In this case, I spent a good amount of time (e.g. every night last week) trying to manually unroll/inline various things, trying to create some workaround so we could dodge the bug and not have the possibility of corrupt indexes being created. I could dodge some cases, but there were many more cases I couldn't... and I'm sure if we can trigger this stuff in our tests there are more cases out there...


Simple way to reproduce the bug. Open eclipse (Indigo in my case), and Go to Help/Search. Enter a search string, you will notice that eclipse crashes. Have a look at the log.

# Problematic frame:
# J  org.apache.lucene.analysis.PorterStemmer.stem([CII)Z
#
# Failed to write core dump. Minidumps are not enabled by default on client versions of Windows
#
# If you would like to submit a bug report, please visit:
#   http://bugreport.sun.com/bugreport/crash.jsp
#

---------------  T H R E A D  ---------------

Current thread (0x0000000007b79000):  JavaThread "Worker-46" [_thread_in_Java, id=264, stack(0x000000000f380000,0x000000000f480000)]

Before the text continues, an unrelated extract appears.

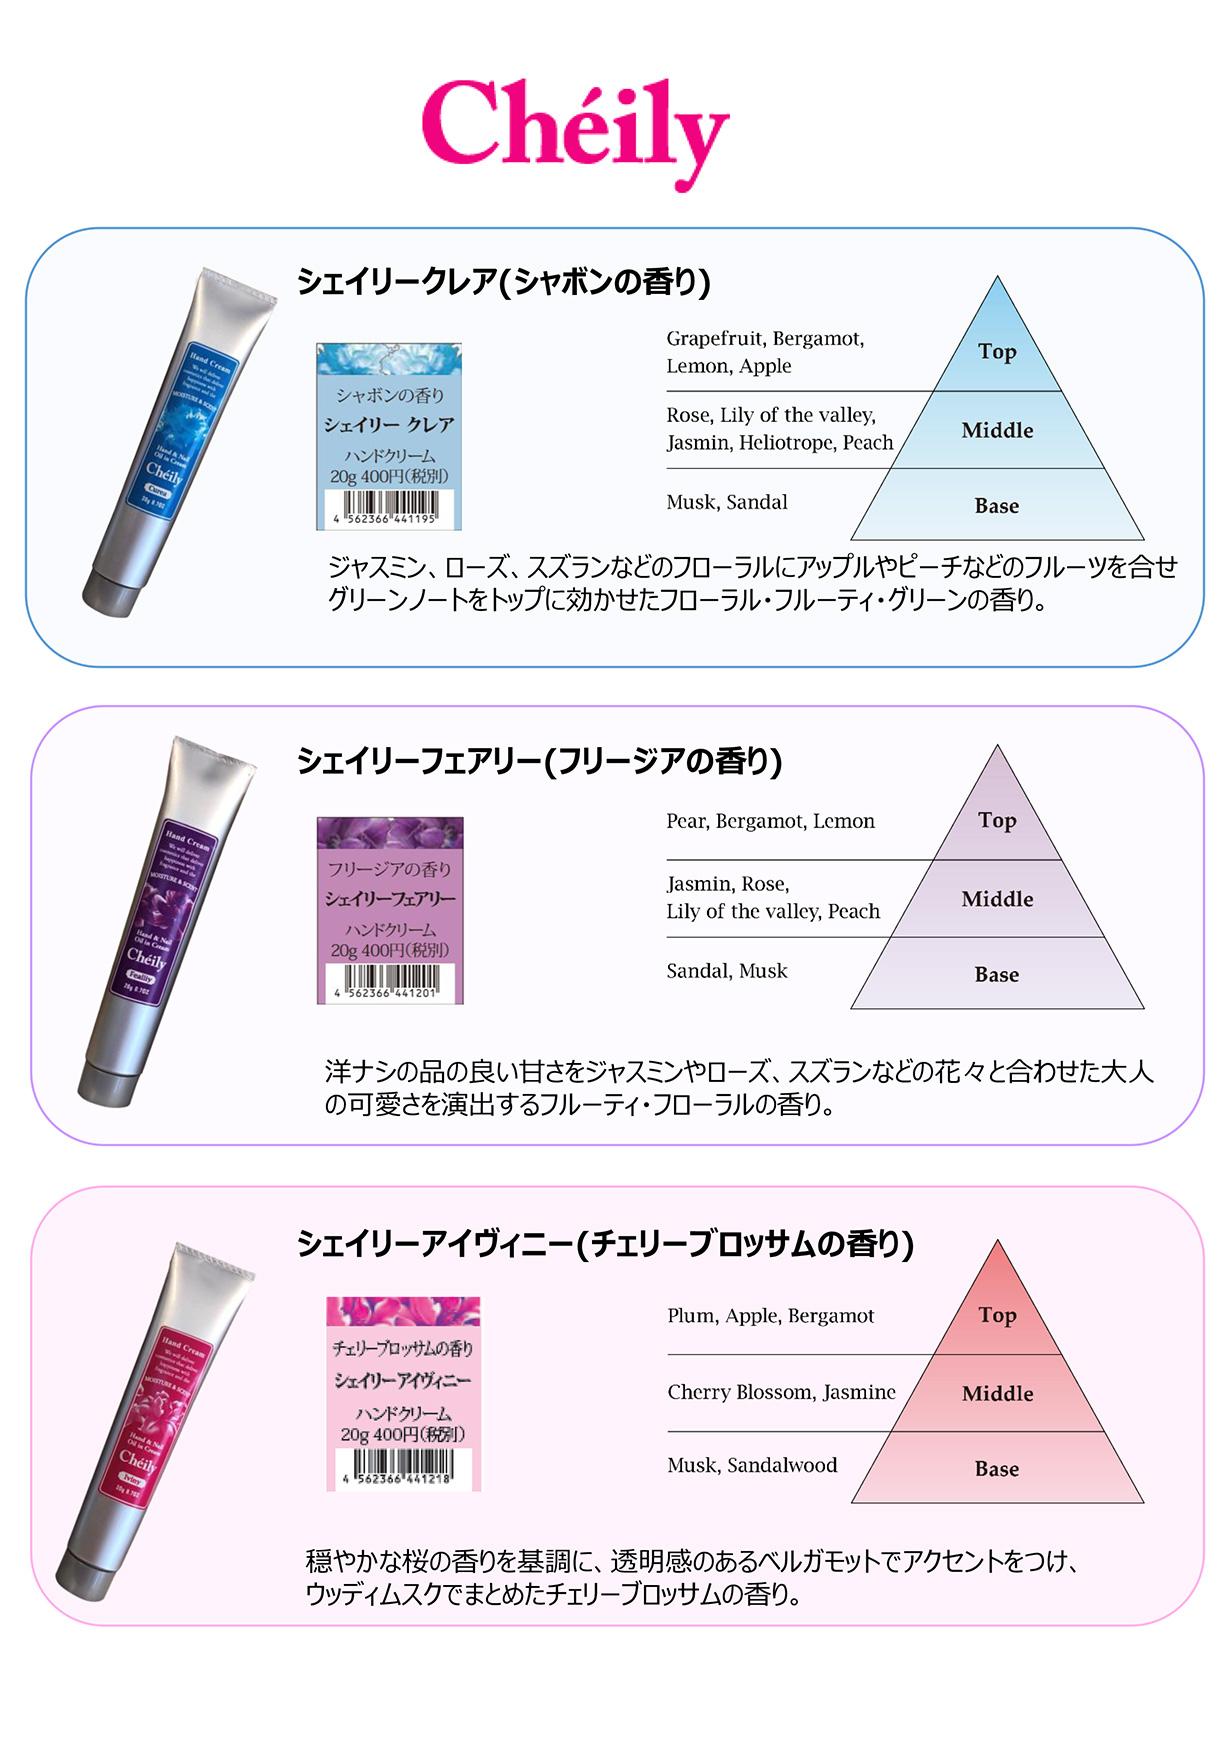 【規定書】シェイリー ハンド&ネイルクリーム(2)

siginfo: ExceptionCode=0xc0000005, reading address 0x00000002f62bd80e

Registers:

The problem, still exist as of Dec 2, 2012 in both Oracle JDK java -version java version "1.7.0_09" Java(TM) SE Runtime Environment (build 1.7.0_09-b05) Java HotSpot(TM) 64-Bit Server VM (build 23.5-b02, mixed mode) and openjdk java version "1.7.0_09-icedtea" OpenJDK Runtime Environment (fedora-2.3.3.fc17.1-x86_64) OpenJDK 64-Bit Server VM (build 23.2-b09, mixed mode)

Strange that individually any of -XX:-UseLoopPredicate or -XX:LoopUnrollLimit=1 option prevent bug from happening, but when used together - JDK fails see e.g. https://bugzilla.redhat.com/show_bug.cgi?id=849279


Well it's two years later and I believe this bug (or a variation of it) is still present in 1.7.0_25-b15 on OSX.

Through very painful trial and error I have determined that using Java 1.7 with Solr 3.6.2 and autocommit <maxTime>30000</maxTime> seems to cause index corruption. It only seems to happen w/ 1.7 and maxTime at 30000- if I switch to Java 1.6, I have no problems. If I lower maxTime to 3000, I have no problems.

The JVM does not crash, but it causes RSolr to die with the following stack trace in Ruby: https://gist.github.com/armhold/6354416. It does this reliably after saving a few hundred records.

Given the many layers involved here (Ruby, Sunspot, Rsolr, etc) I'm not sure I can boil this down into something that definitively proves a JVM bug, but it sure feels like that's what's happening here. FWIW I have also tried JDK 1.7.0_04, and it also exhibits the problem.